Людвиг / Ludwig
Этот фильм об удивительной жизни короля Баварии Людвига II (1845 - 1886), романтика и идеалиста, поклонника красоты и гармонии, мечты которого разбились о жизненные реалии и привели его к трагическому финалу. С юности Людвиг был заворожен романтическим миром героев, легенд и идеальной любви, услышав оперу Вагнера «Лоэнгрин».
С момента прихода к власти он всемерно поддерживает творческий гений Вагнера, а сам строит по всей Баварии потрясающие замки. Его неудовлетворенная любовь к австрийской принцессе Елизавете способствует проявлению нездоровых страстей. Предательство ближайших друзей завершает окончательную деградацию короля, окружившего себя развращенными подонками. Его состояние было расценено при дворе как начало прогрессирующего безумия. 9 июня 1886 года Людвиг был отстранен от власти, а 12 июня он вышел на прогулку, с которой не вернулся...
- Номинация на Оскар 1974 - Лучший костюмы
- 3 премии Давид 1973: Лучший режиссер, Лучший фильм и специальная награда Хельмету Бергеру
- 2 премии Итальянского синдиката киножурналистов 1974: Лучшая операторская работа и Лучшие декорации
- Премия Sant Jordi Awards 1982 за Лучшую роль в иностранном фильме (Роми Шнайдер)

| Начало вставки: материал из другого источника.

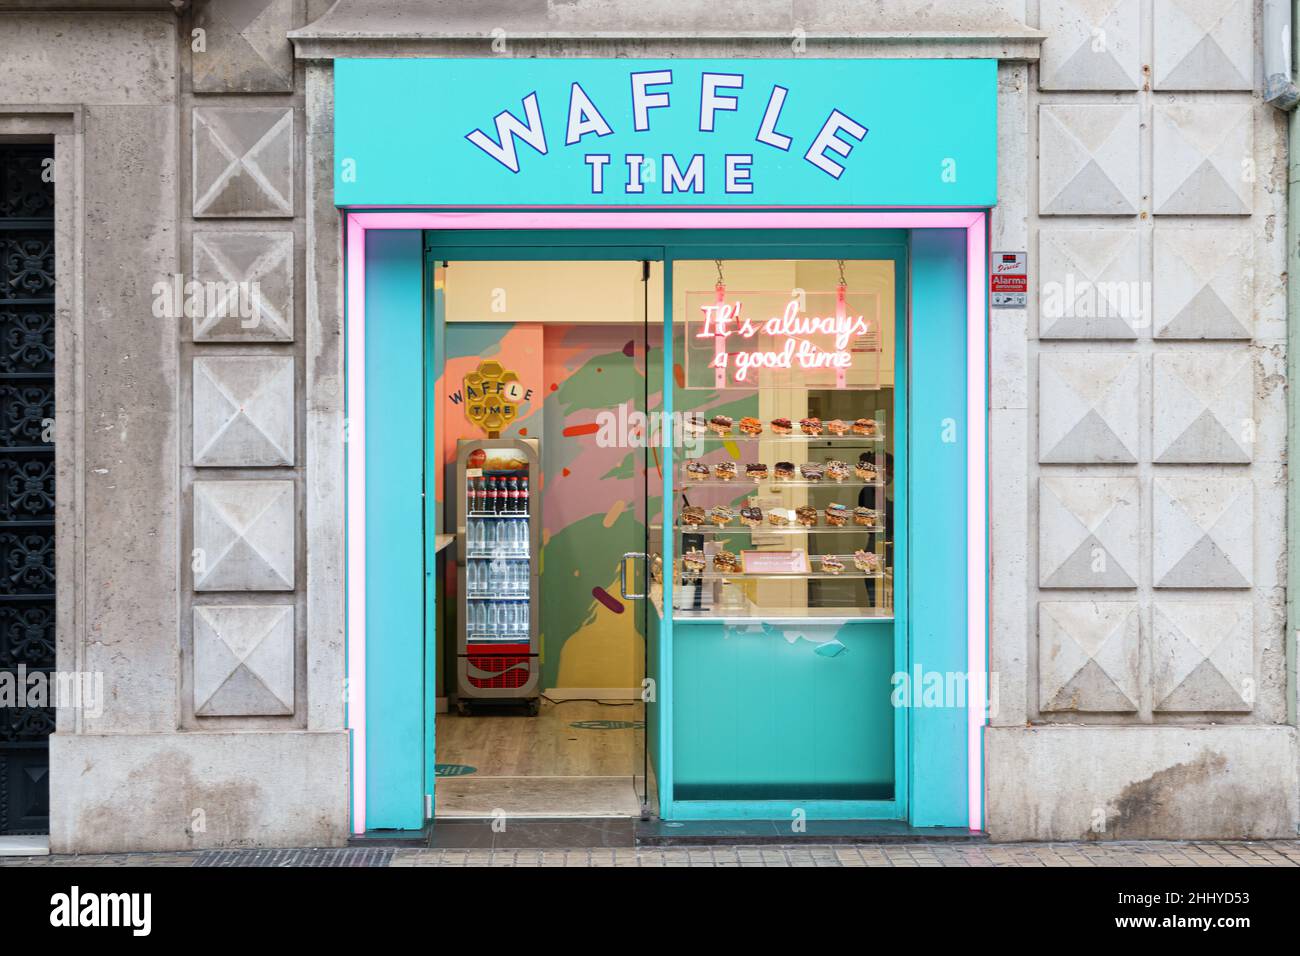 VALENCIA, SPAIN - JANUARY 24, 2022: Waffle Time is a company specialized in cooking and serving handmade Belgian waffles Stock Photo

«Хочу наслаждаться вечно... хотя бы и ужаснулся мир моему наслаждению, хотя бы по грубости своей и не понял меня.»
Рейсбрук Удивительный
Лукино Висконти был несомненным декадентом как человек и как художник, что, собственно, совершенно логично, если принять во внимание его происхождение (по прямой от патрициев, средневековых правителей Милана) и время, в которое ему пришлось жить. Ударная его работа на почве неореализма более всего напоминает не следование диктатам вдохновения и свободной мечте, а совестливую, несколько натужную социальную ангажированность французских писателей-натуралистов середины девятнадцатого века (то бишь как раз преддверия декаданса), не видящих для себя возможности любоваться прелестями реального мира и изощряться в созданиях миров воображаемых, пока народ страдает, загнан и забит болезнью, голодом, нуждою. Творческое же стремление Висконти любой ценой обратно, в привычно красивые уюты, к сердце рвущей роскоши со вкусом доживающей отпущенный ей век аристократии, проявившееся, надо сказать, не сразу во всей полноте, а лишь на пике его креативности, выглядит совершенно естественным, органичным, долгое время сдерживаемым заветным желанием, уход его как художника в эбеновую башню эстетики ради эстетики - заработанным тяжелым трудом на поприще общественного блага правом заниматься, наконец, тем, чего душа требует.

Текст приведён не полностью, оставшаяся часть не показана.